As of March 2025, Tanzania’s domestic debt reached TZS 34,255.4 billion, reflecting a modest increase from TZS 34,014.1 billion in February, largely due to net Treasury bond issuances amounting to TZS 163.5 billion. The largest share of the debt was held by commercial banks, amounting to TZS 9,948.4 billion (29%), followed closely by pension funds with TZS 9,091.5 billion (26.5%), and the Bank of Tanzania holding TZS 6,883.9 billion (20.1%). Other significant creditors included insurance companies (5.4%), BOT special funds (1.6%), and a diverse group of public institutions, individuals, and others (17.3%). This composition highlights a stable and diversified domestic financing structure, with key institutional investors playing a central role in funding government operations.
1. Government Domestic Debt Stock (March 2025)
2. Domestic Debt by Creditor Category (March 2025)
Creditor | Amount (TZS Billion) | Share (%) |
Commercial Banks | 9,948.4 | 29.0% |
Bank of Tanzania | 6,883.9 | 20.1% |
Pension Funds | 9,091.5 | 26.5% |
Insurance Companies | 1,845.5 | 5.4% |
BOT Special Funds | 555.7 | 1.6% |
Others* | 5,930.3 | 17.3% |
Total | 34,255.4 | 100% |
*Others include public institutions, private companies, and individuals.
Interpretation: What the Data Tells Us
As of March 2025, Tanzania's government domestic debt stood at TZS 34.26 trillion, with commercial banks, pension funds, and the central bank as the main creditors. The composition reflects a stable and diversified domestic debt market, supporting the government's financing needs through long-term and market-based instruments.
1. Domestic Financing Is Heavily Market-Based
This shows: The government relies significantly on the financial sector for short- to medium-term funding, which can influence interest rates and credit availability for the private sector.
2. Pension Funds Are Strategic Long-Term Lenders
This shows: A strong link between public savings (retirement funds) and government financing, supporting fiscal stability over time.

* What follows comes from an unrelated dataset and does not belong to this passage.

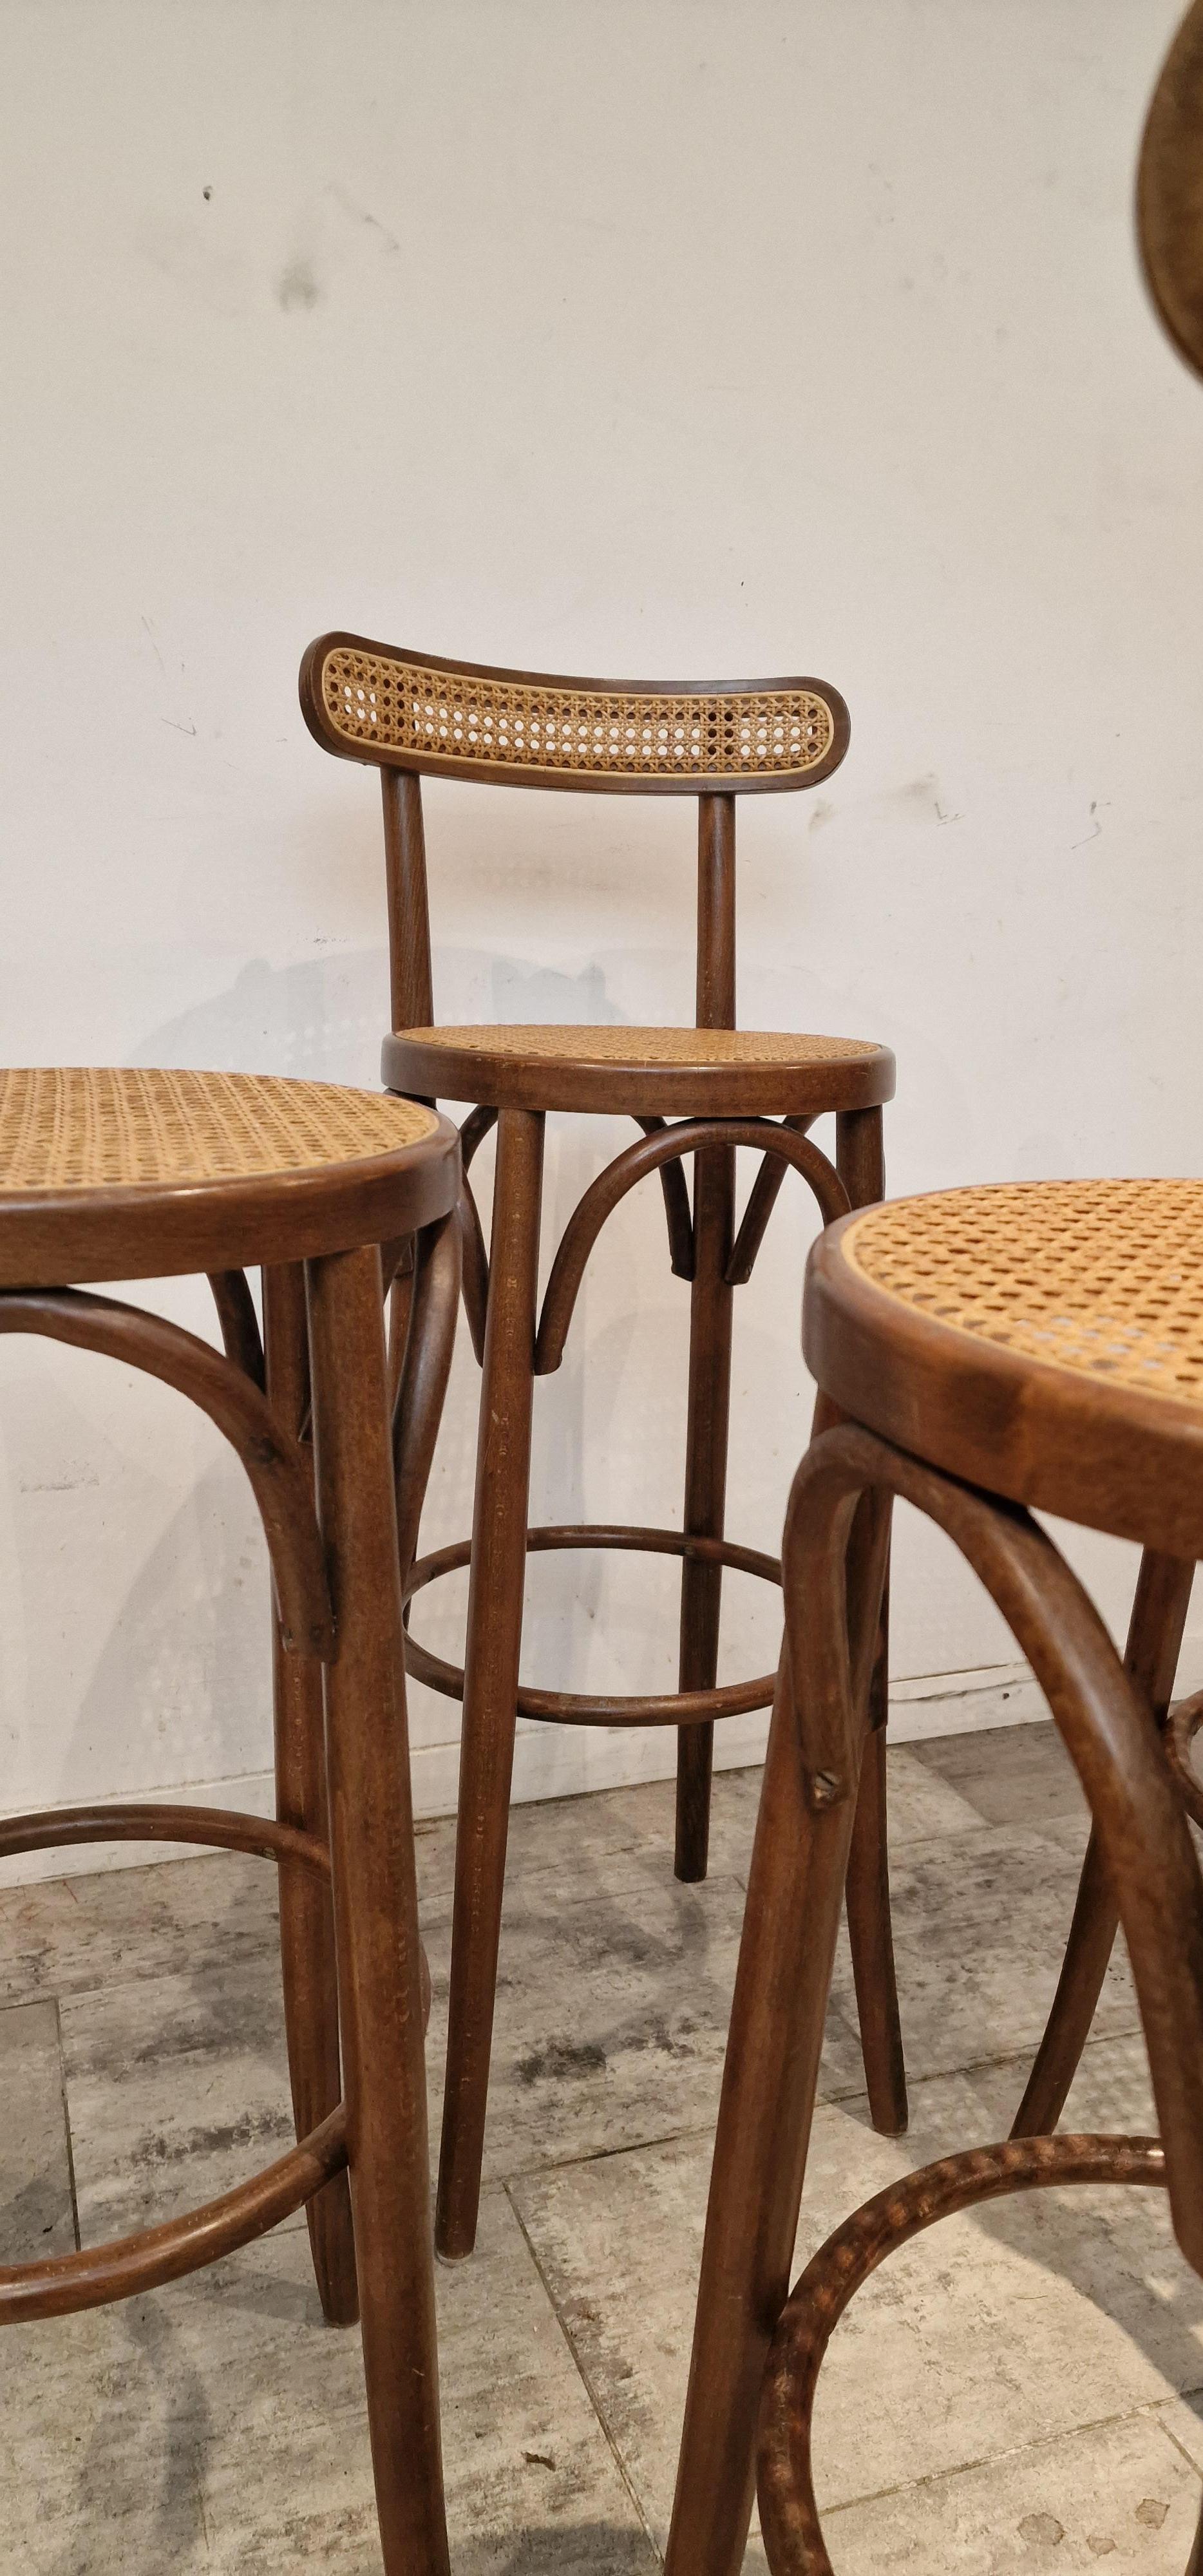 Set of 4 Canned, wooden barstools, French 1980s.

3. The Bank of Tanzania Supports Liquidity and Stability
This shows: The BoT acts as a fiscal backstop, helping manage cash flow needs and stabilize the bond market.

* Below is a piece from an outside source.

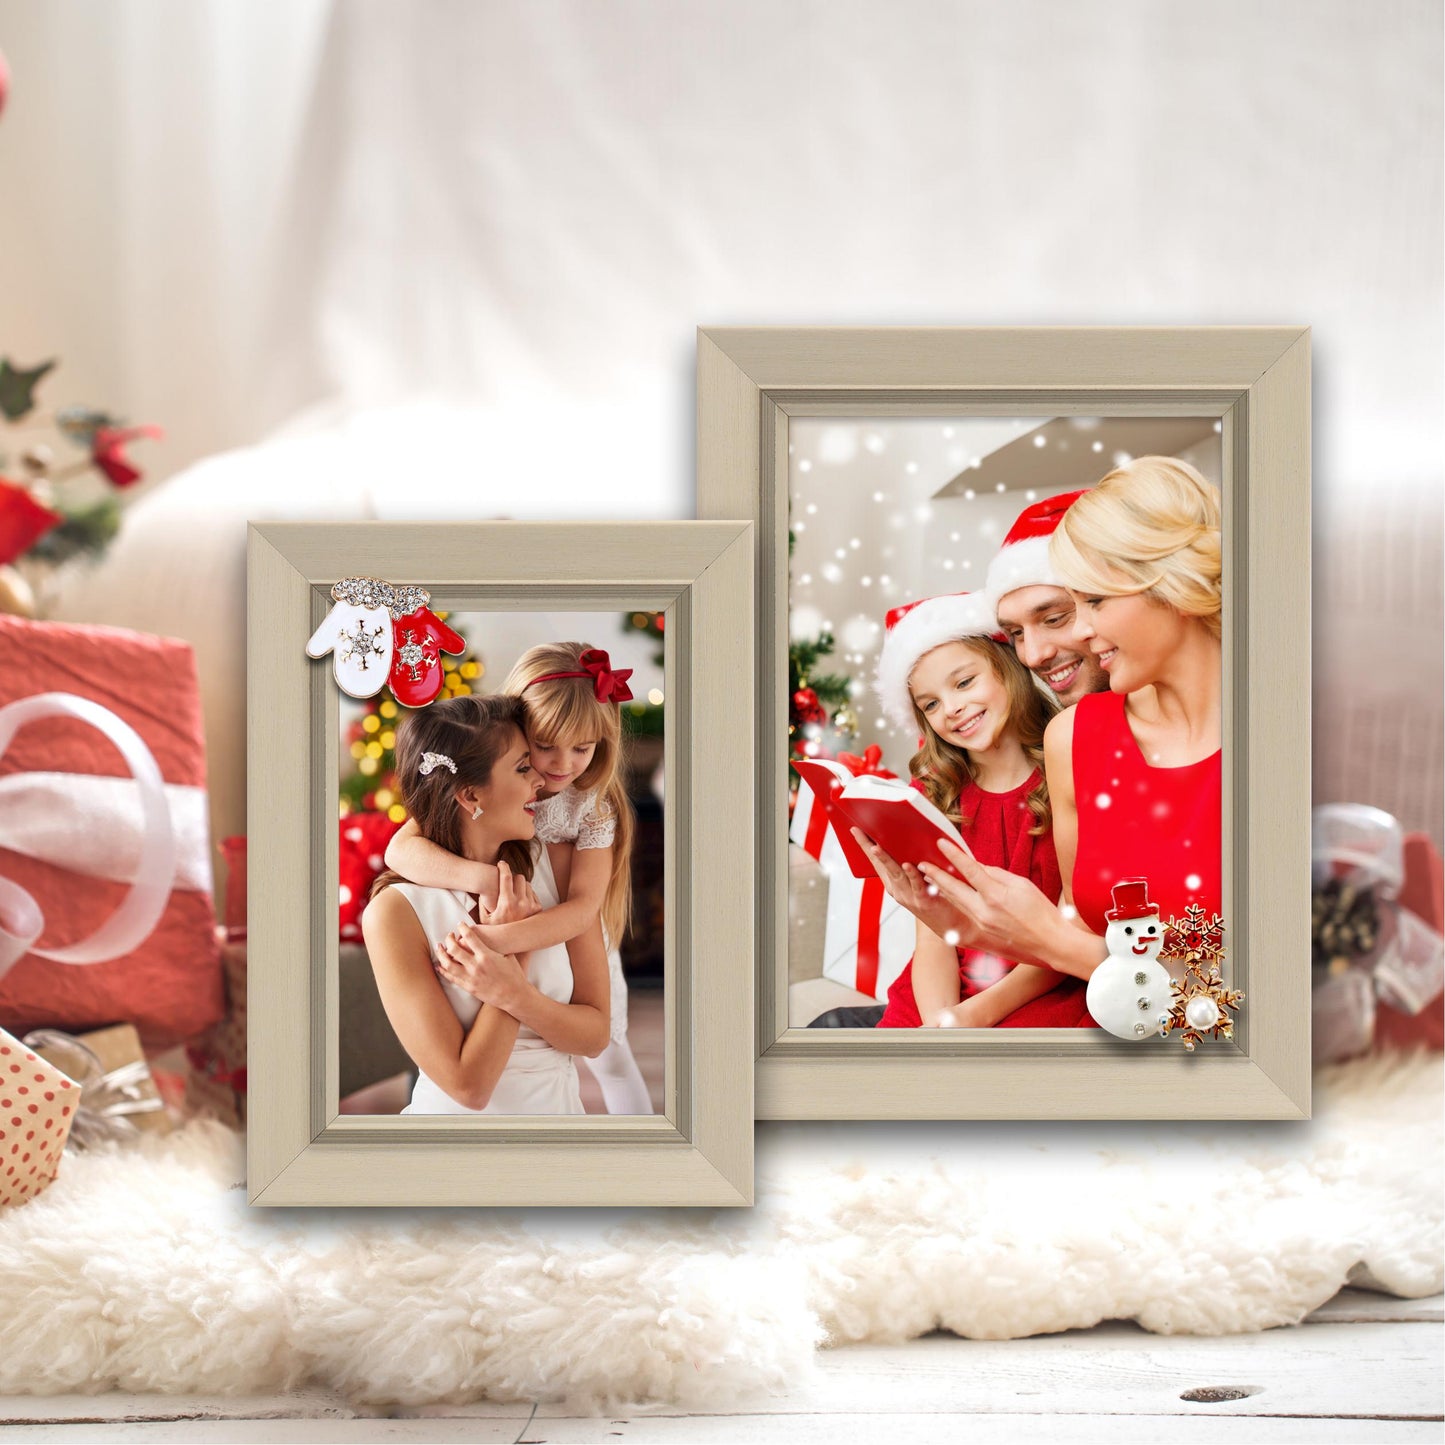 Christmas Picture Frame Photo Frame Embellished Gift for Wall and Tabletop Display (5x7 and 4x6, Beige)

4. Broadening Participation in Domestic Debt Market
This shows: The domestic debt market is maturing, becoming more inclusive and diversified, which reduces overreliance on any single creditor group.

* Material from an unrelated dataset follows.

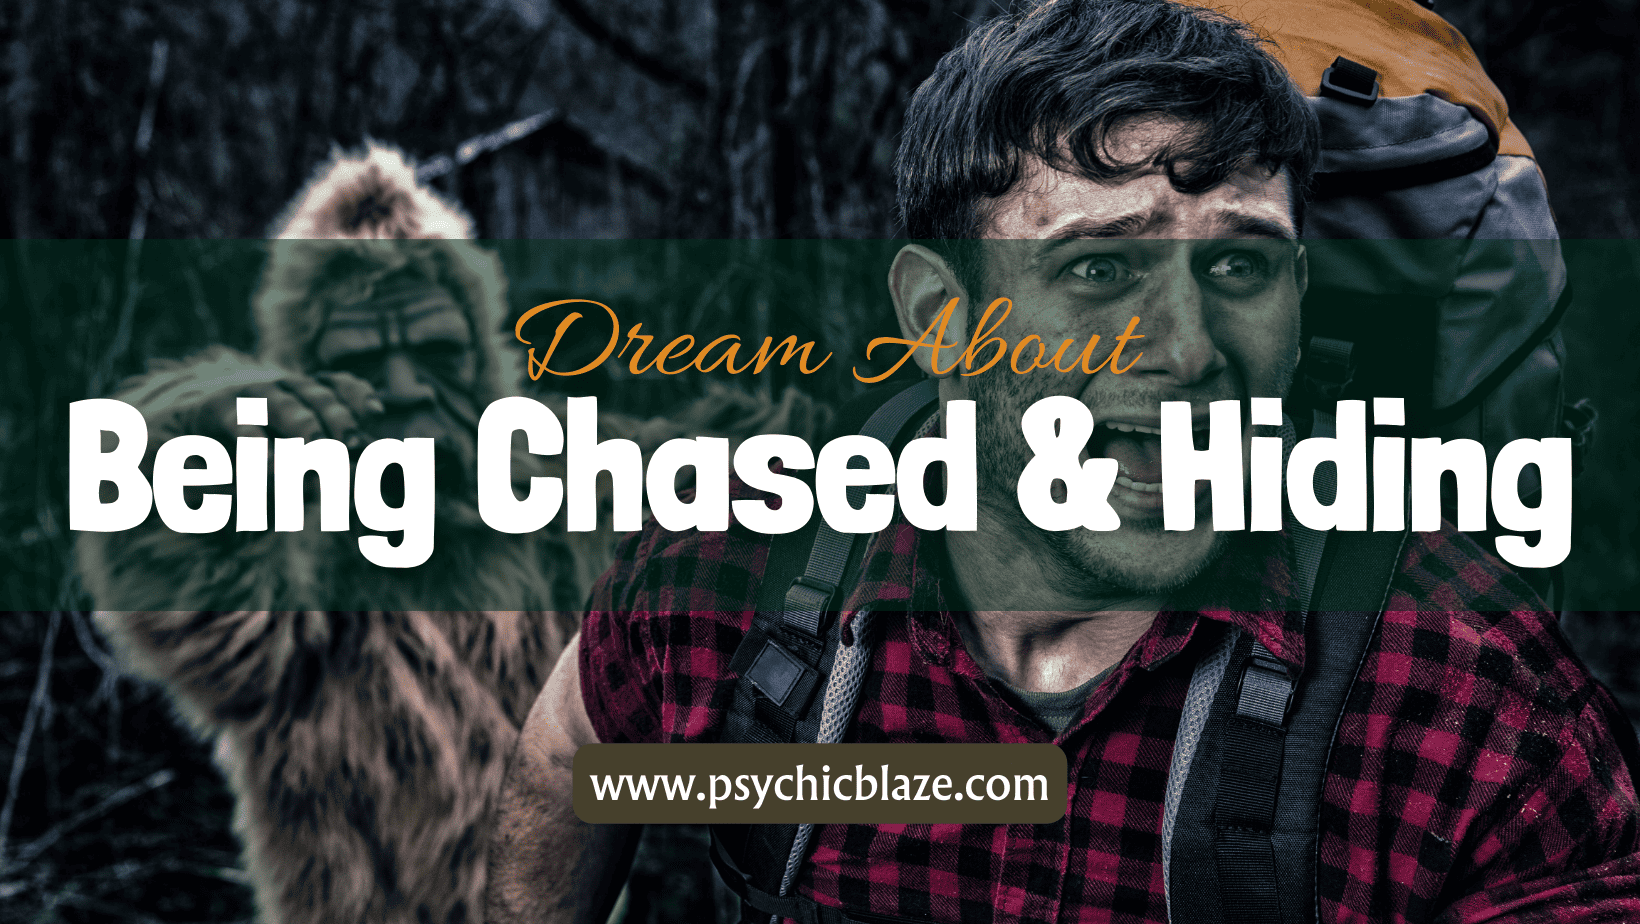 Dream about Being Chased & Hiding

Tanzania’s domestic debt structure as of March 2025 reveals a healthy mix of commercial banks, pension funds, and the central bank as major creditors, supported by increasing participation from other entities. This structure reflects a stable and increasingly diversified domestic financing base, essential for sustainable debt management and macroeconomic stability.